Segment Start: INPUT DATA

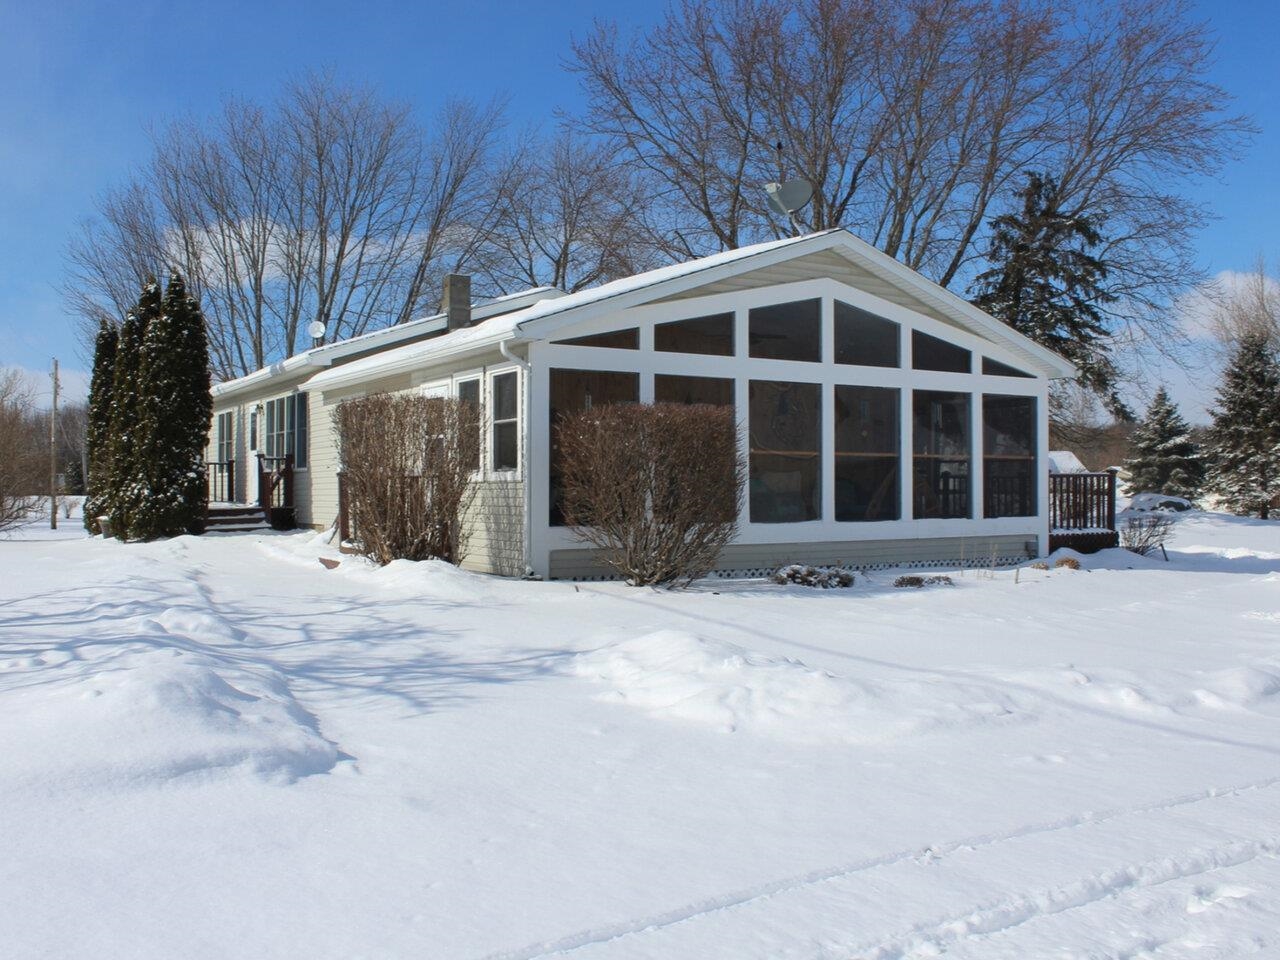 Sold property in Swanton
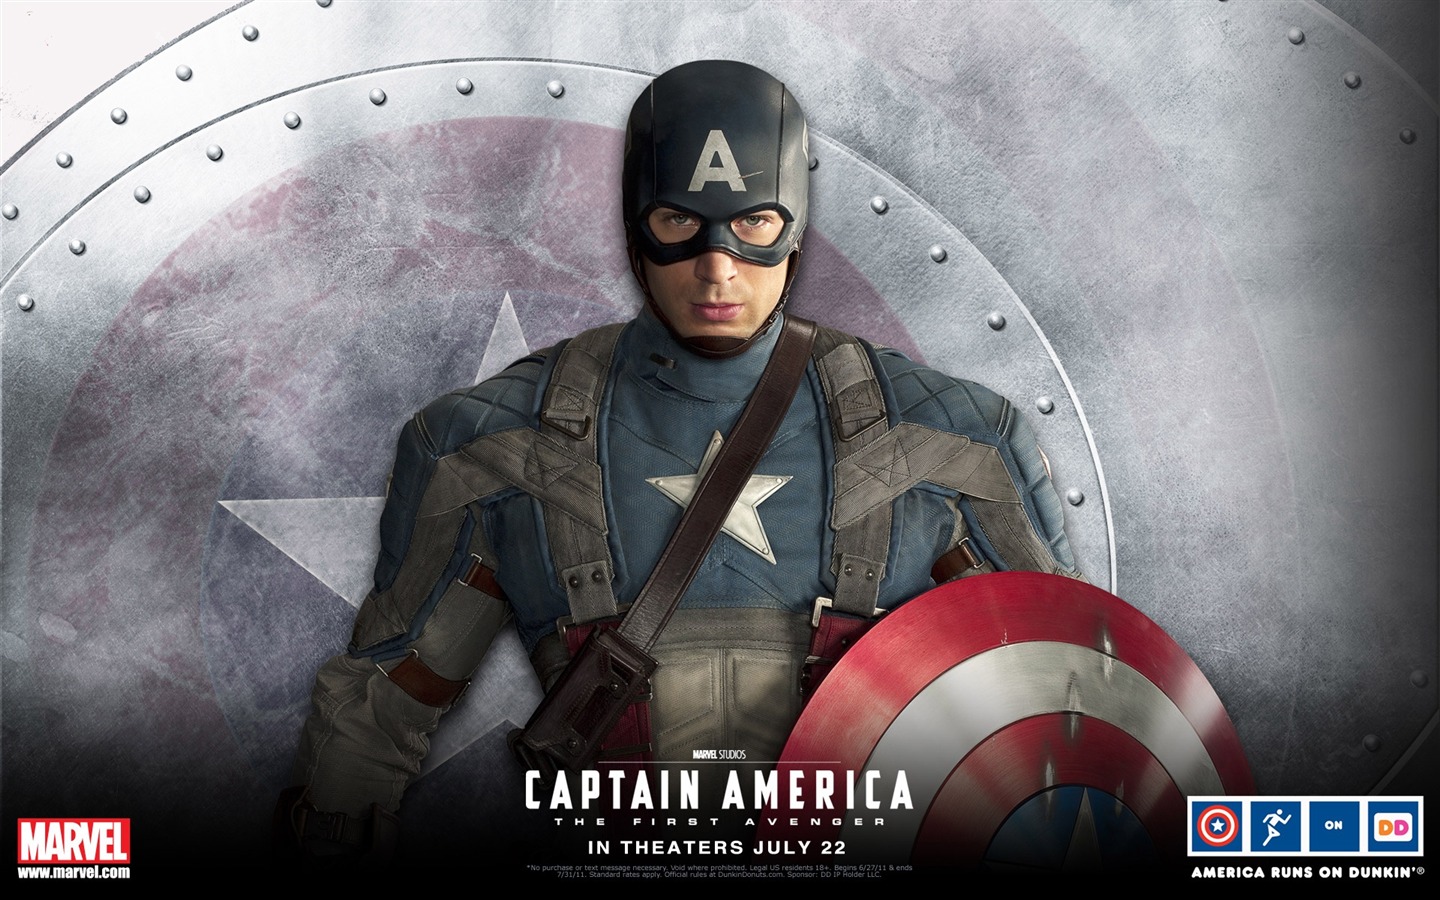 Captain America: The First Avenger wallpapers HD #4 - 1440x900
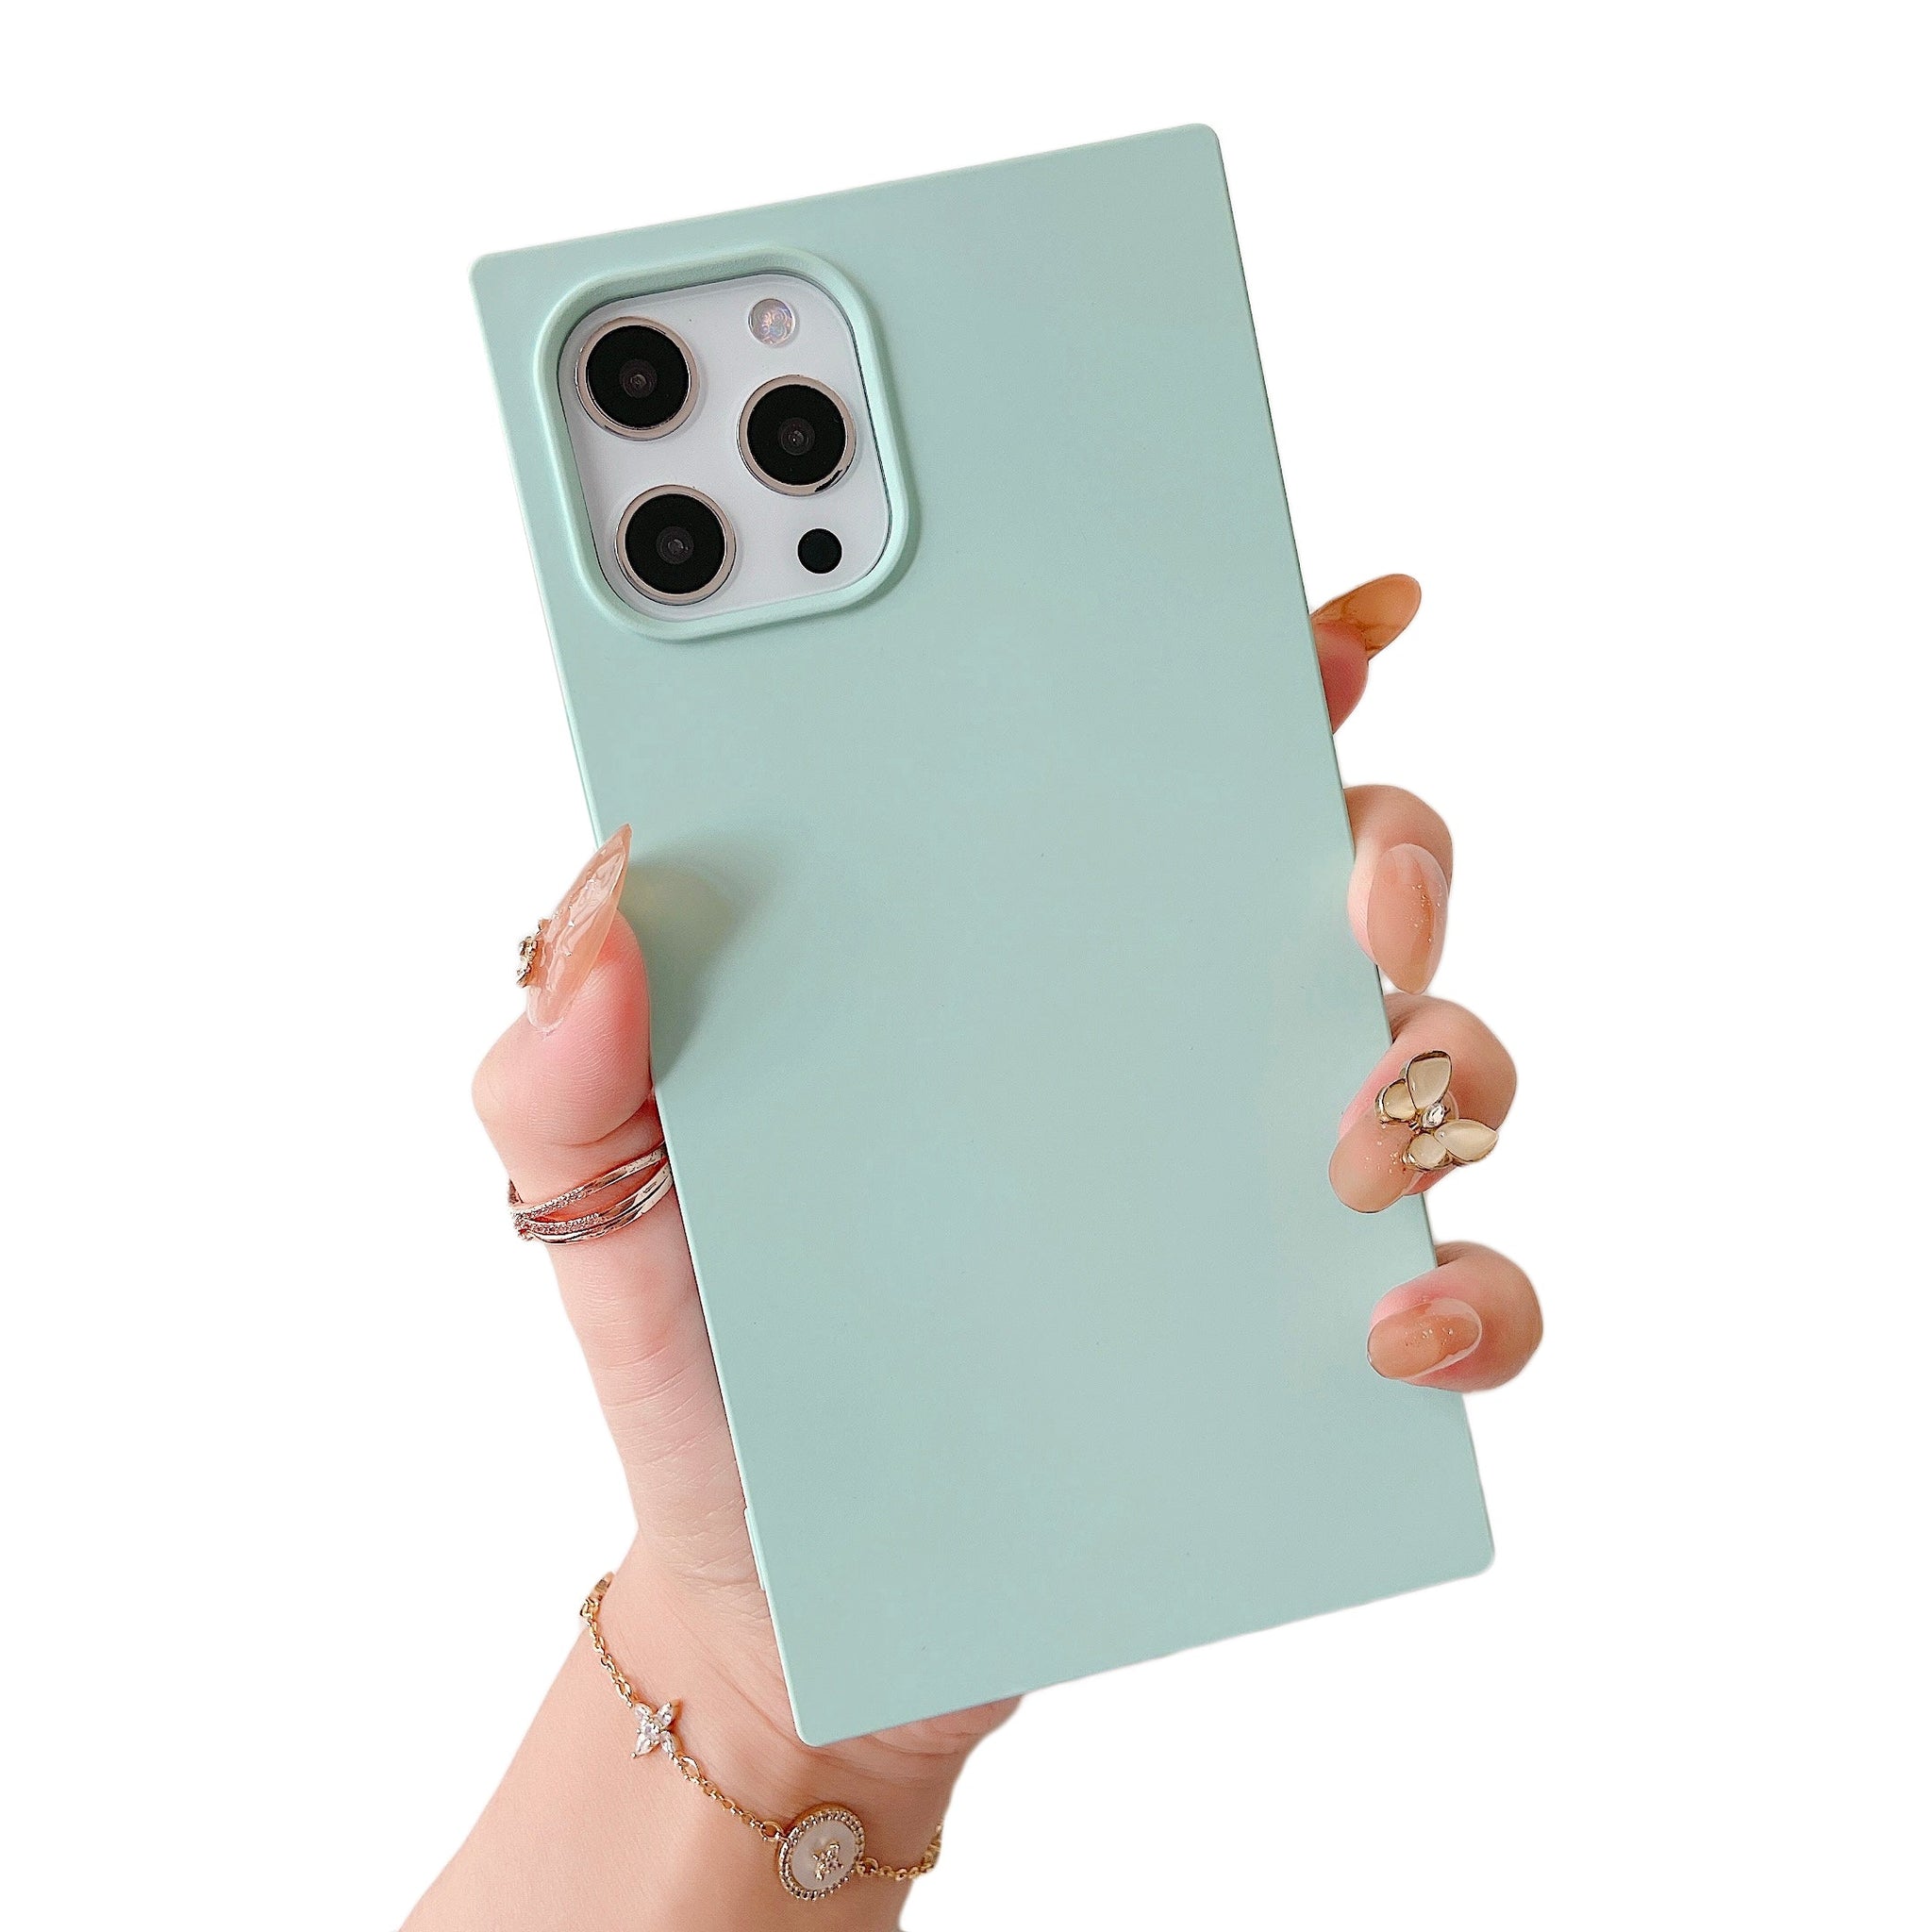 iPhone 11 Pro Case Square Silicone (Mint Green)
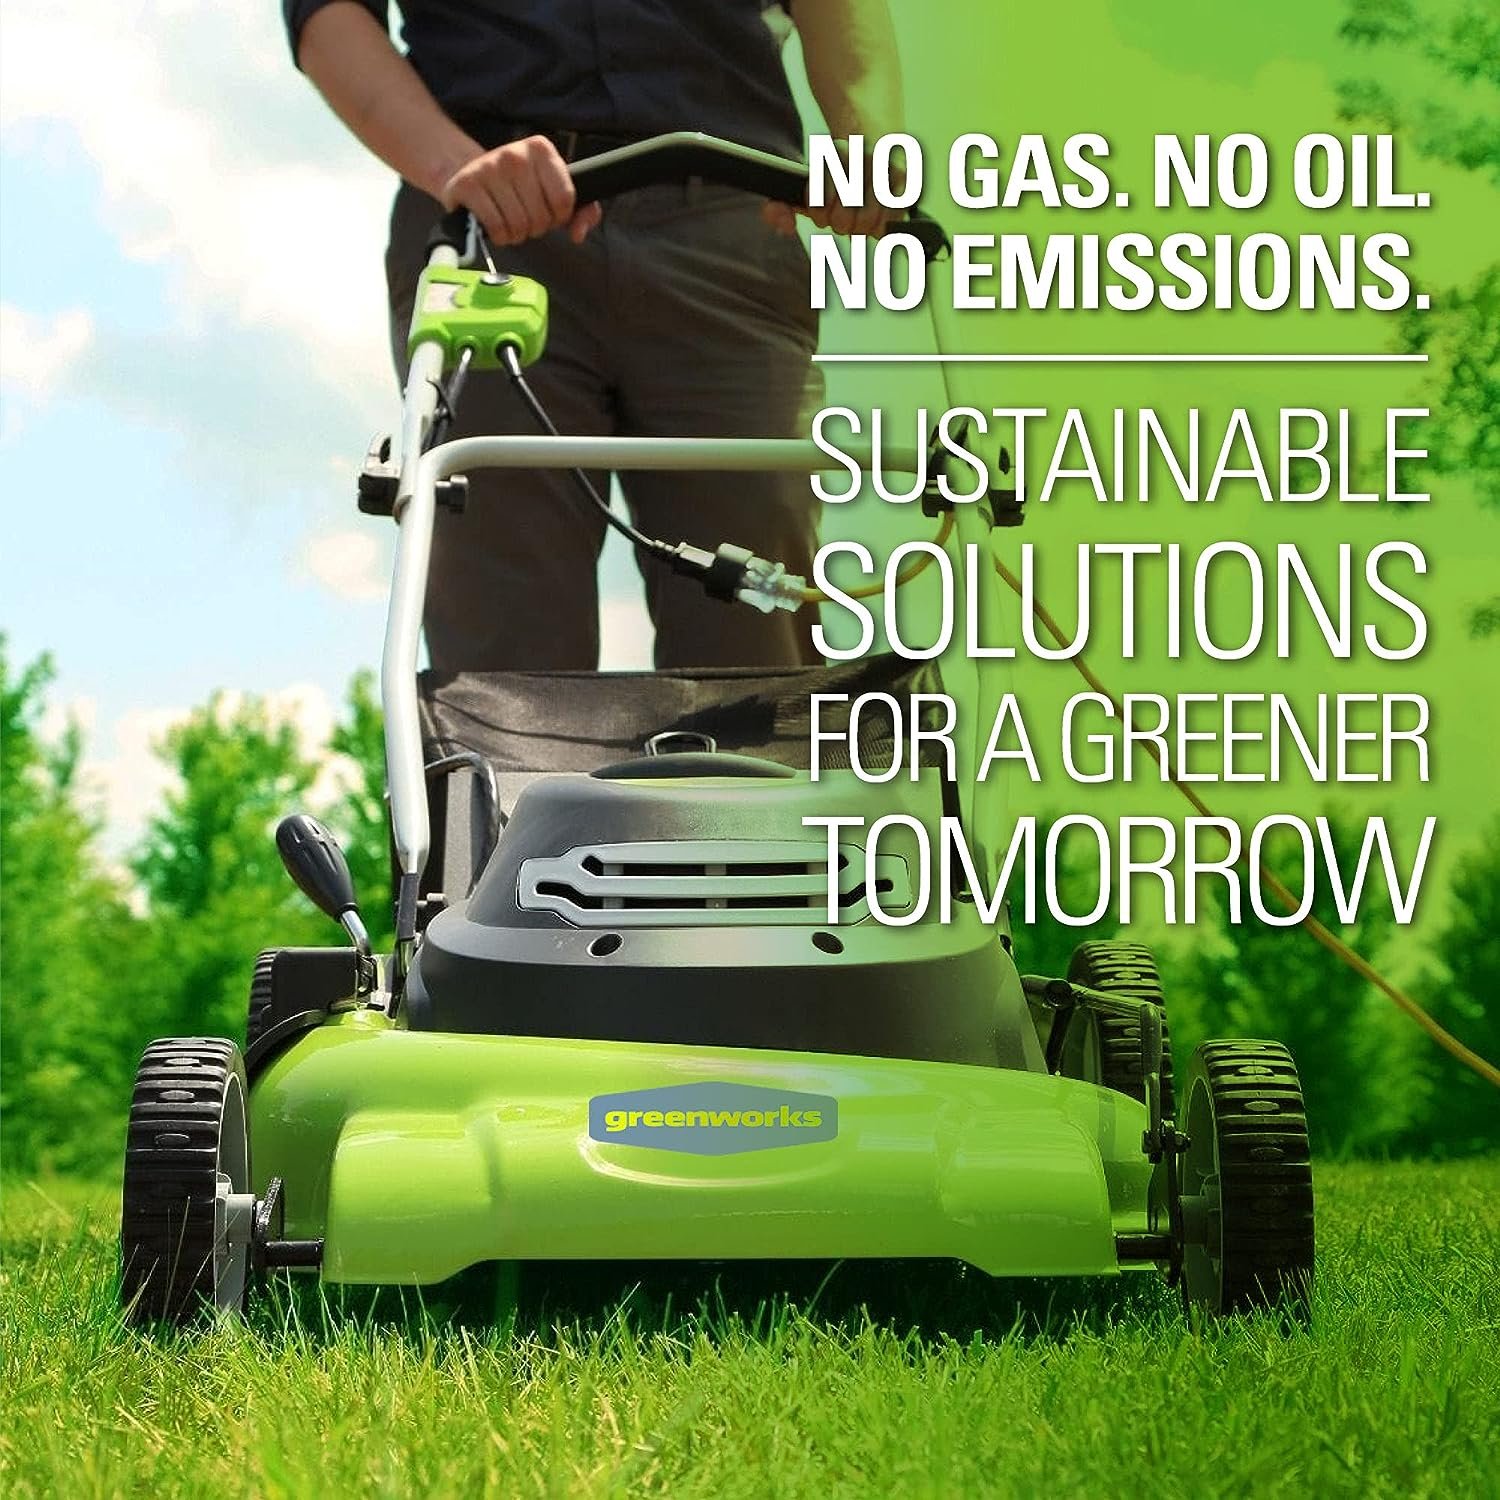 Greenworks 12 Amp Lawn Mower Review

Segment End: INPUT DATA

§ YOUR TASK
Restate the data above exactly, stripping out each image.

§ RESPONSE TO THIS TASK
 Sold property in Swanton
 Captain America: The First Avenger wallpapers HD #4 - 1440x900
 iPhone 11 Pro Case Square Silicone (Mint Green)
 Greenworks 12 Amp Lawn Mower Review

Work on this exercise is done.